### [Exercise aim]
Report every line in the records below that holds the word "polyester".

### [Dataset extract]
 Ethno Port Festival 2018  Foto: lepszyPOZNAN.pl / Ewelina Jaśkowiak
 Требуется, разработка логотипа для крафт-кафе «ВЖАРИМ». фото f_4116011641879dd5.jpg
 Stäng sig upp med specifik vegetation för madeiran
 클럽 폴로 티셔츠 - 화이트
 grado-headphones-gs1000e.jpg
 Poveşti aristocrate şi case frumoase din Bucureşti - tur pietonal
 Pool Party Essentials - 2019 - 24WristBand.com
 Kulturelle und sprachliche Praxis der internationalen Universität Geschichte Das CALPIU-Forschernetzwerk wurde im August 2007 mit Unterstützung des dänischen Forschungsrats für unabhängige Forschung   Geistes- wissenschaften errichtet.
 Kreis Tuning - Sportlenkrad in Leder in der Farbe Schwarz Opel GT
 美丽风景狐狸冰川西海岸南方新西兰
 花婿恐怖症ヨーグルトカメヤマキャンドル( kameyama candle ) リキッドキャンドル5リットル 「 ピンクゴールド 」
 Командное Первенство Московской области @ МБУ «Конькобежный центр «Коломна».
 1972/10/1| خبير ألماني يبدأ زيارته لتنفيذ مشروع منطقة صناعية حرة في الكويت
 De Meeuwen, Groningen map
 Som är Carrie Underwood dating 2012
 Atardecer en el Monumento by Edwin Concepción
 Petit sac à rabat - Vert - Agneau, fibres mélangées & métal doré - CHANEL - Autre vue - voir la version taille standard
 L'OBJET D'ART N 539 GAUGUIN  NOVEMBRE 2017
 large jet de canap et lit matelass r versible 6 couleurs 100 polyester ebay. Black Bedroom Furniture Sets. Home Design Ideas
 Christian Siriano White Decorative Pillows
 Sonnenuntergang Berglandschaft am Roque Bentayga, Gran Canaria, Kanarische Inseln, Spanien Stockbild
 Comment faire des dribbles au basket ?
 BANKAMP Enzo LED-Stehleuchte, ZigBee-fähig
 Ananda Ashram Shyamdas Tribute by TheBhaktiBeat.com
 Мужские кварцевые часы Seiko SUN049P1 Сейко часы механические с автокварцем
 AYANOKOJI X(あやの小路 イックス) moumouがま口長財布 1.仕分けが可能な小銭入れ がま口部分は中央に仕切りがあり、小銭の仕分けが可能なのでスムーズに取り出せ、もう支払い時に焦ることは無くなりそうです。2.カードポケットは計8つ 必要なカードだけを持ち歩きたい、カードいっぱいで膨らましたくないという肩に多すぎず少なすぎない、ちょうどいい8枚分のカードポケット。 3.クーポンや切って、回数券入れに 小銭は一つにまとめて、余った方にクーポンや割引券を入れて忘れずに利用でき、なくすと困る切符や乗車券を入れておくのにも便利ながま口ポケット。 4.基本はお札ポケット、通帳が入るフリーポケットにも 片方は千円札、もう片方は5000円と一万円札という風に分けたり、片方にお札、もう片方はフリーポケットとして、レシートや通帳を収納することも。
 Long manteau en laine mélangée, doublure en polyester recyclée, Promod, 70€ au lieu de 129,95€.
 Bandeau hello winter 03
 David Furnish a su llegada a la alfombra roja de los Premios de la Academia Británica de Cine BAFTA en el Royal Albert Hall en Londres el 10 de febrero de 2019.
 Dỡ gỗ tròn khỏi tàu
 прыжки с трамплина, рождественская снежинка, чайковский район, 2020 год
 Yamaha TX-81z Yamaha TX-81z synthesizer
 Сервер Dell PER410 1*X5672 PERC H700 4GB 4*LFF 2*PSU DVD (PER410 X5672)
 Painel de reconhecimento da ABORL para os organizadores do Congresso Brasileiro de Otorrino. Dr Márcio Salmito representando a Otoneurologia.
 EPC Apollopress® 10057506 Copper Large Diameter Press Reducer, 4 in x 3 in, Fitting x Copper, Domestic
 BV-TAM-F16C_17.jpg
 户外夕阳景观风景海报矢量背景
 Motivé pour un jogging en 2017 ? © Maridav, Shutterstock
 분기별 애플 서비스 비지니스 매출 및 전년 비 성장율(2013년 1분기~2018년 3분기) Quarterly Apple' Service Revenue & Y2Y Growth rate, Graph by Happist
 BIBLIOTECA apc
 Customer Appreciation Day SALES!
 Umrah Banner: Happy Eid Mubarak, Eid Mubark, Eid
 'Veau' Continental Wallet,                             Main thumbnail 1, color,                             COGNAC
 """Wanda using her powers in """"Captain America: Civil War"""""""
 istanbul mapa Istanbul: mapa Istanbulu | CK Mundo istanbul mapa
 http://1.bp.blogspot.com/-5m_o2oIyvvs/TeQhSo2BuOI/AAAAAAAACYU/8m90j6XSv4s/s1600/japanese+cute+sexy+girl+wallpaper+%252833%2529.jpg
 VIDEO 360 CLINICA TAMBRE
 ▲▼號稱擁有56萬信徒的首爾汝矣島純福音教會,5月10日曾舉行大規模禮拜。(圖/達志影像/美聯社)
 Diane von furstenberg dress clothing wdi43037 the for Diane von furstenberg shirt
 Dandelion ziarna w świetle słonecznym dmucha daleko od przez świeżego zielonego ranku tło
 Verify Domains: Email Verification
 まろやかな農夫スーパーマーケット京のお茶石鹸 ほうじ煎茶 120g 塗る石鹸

### [Task response]
 large jet de canap et lit matelass r versible 6 couleurs 100 polyester ebay. Black Bedroom Furniture Sets. Home Design Ideas
 Long manteau en laine mélangée, doublure en polyester recyclée, Promod, 70€ au lieu de 129,95€.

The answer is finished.